According to the International Pancreas Transplant Registry (IPTR), at 31 December 2004, >23 000 pancreas transplants had been reported, with a higher proportion performed in USA (n = 17 132) than in non-USA countries (n = 5294) where 89% were performed in Europe [3]. Moreover, between 2000 and 2004, the annual number of PT reported in USA remained constant at ~1400, while in non-USA countries, the number of reported cases decreased from >450 to ~250 in the same period [3]. The discrepancy in PT activity between USA and Europe may be due, at least in part, to differences in the reporting registry. While the IPTR has a relation with the United Network for Organ Sharing (UNOS) of USA and transplant activity report to UNOS is mandatory, such reports from non-USA countries are voluntary [3]. However other factors, such us decease organ donation, other deceased solid organ transplant (DSOT) activity, waiting list inclusion criteria and prevalence of T1DM or ESRD secondary to T1DM, may play a role in the differences of reported PT worldwide when adjusted to population.

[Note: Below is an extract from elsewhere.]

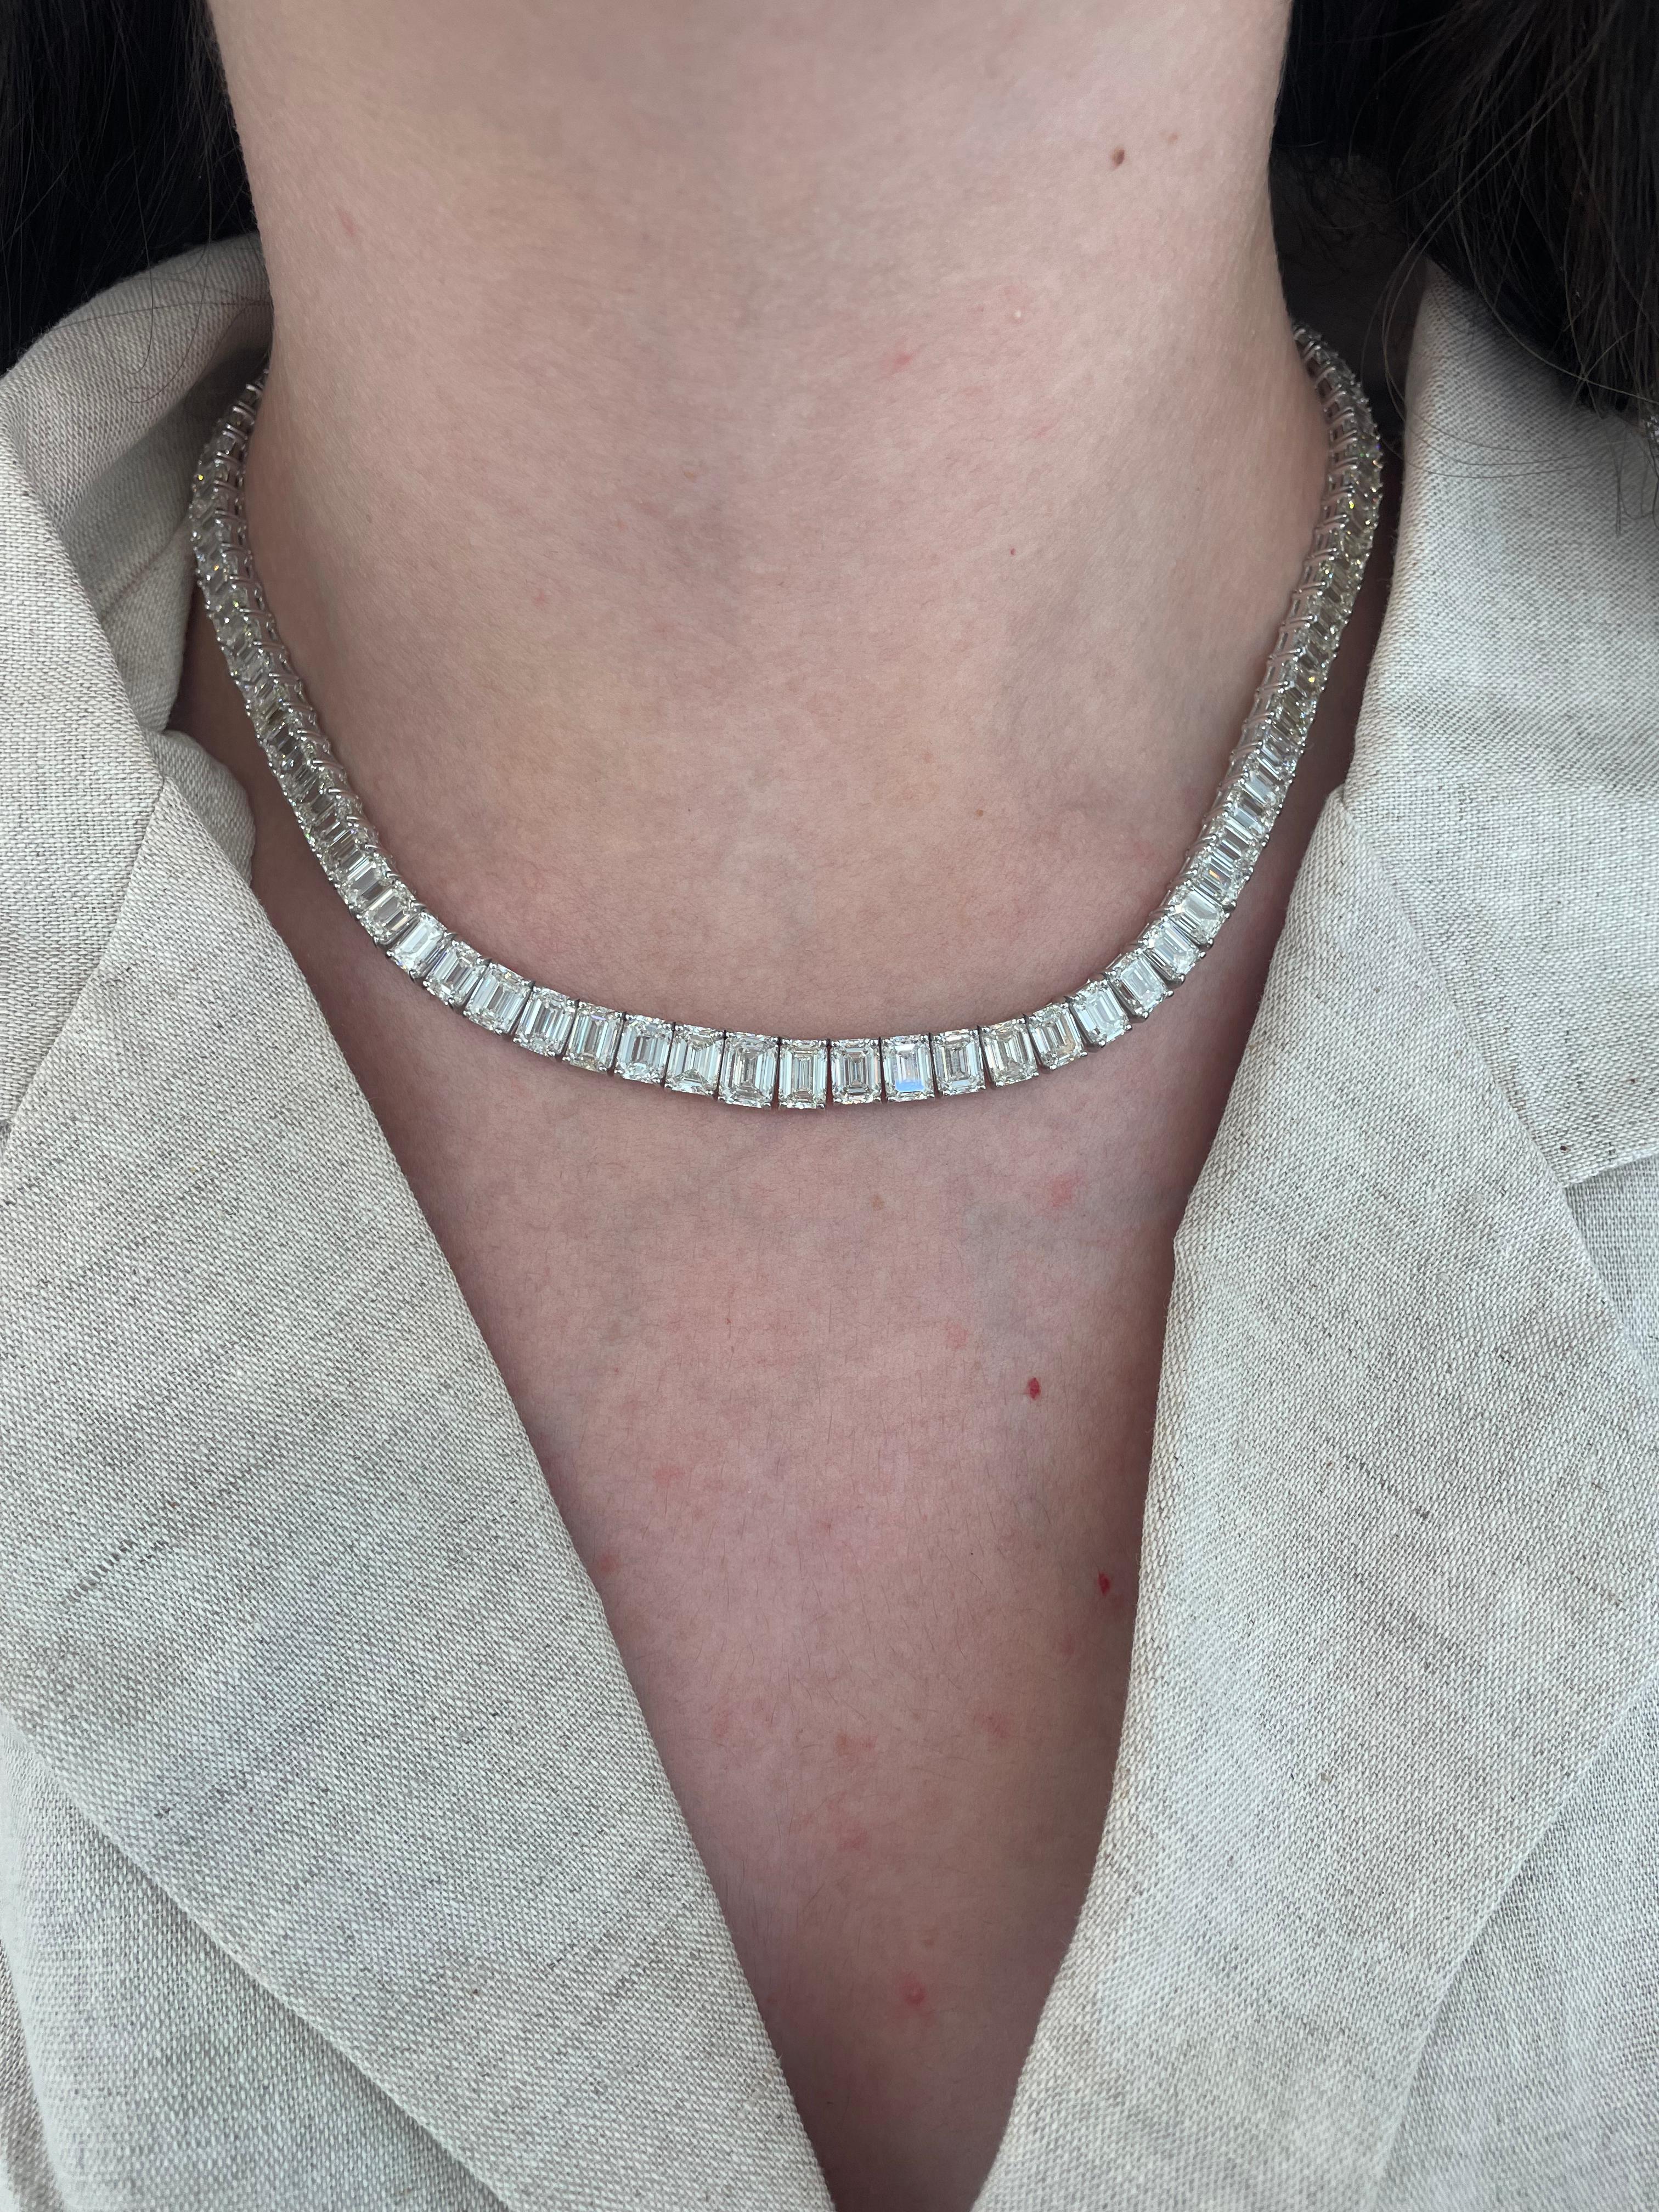 Beautiful and classic diamond tennis riviera necklace, GIA certified, by Alexander Beverly Hills.
101 emerald cut diamonds diamonds, 55.79 carats, 11 stones GIA certified. Approximately H-K color and VVS1-VS2 clarity. 18k white gold,

The primary objective of the present study was to compare the true incidence of pancreas transplant activity between USA and 13 selected European countries (SEC) and secondly, to evaluate the relationship with deceased organ donation and other DSOT activity during the period between 2002 and 2006. Obviously, this could help to optimize pancreas transplant policies around the world.
Patients and methods
For the period 2002–06, we analysed databases from different national transplant organizations (France, Italy, Spain, Switzerland and United Kingdom) [10–14], other European countries included in organ exchange organizations, such as Eurotransplant (Austria, Belgium, Germany and The Netherlands) [15], Scandiatransplant (Denmark, Finland, Norway and Sweden) [16], and the UNOS from USA [17]. In all cases, the annual report included the period between 1 January and 31 December, except for the United Kingdom which analysed the financial year (between 1 April and 31 March of the next year) [14]. For the purposes of this study, the 13 European countries previously mentioned are defined as SEC. Other European countries with >105 million inhabitants had some PT activity, such as Bulgaria, Czech Republic, Croatia, Poland, Hungary, Portugal, Ireland and Rumania [18,19], but we were unable to obtain any data from their National Transplant Organizations. In order to ensure the validity of the results from database reports, these were checked independently by the four authors (JMGP, DM, LPT and PG) and then compared with the results published every year by the Council of Europe in the Transplant Newsletter [19]. In most cases, there were no differences or they were minimal and due to the inclusion of some islet cells transplantation activity (see below); in any case, the data reports from the different transplant organizations were taken as accurate.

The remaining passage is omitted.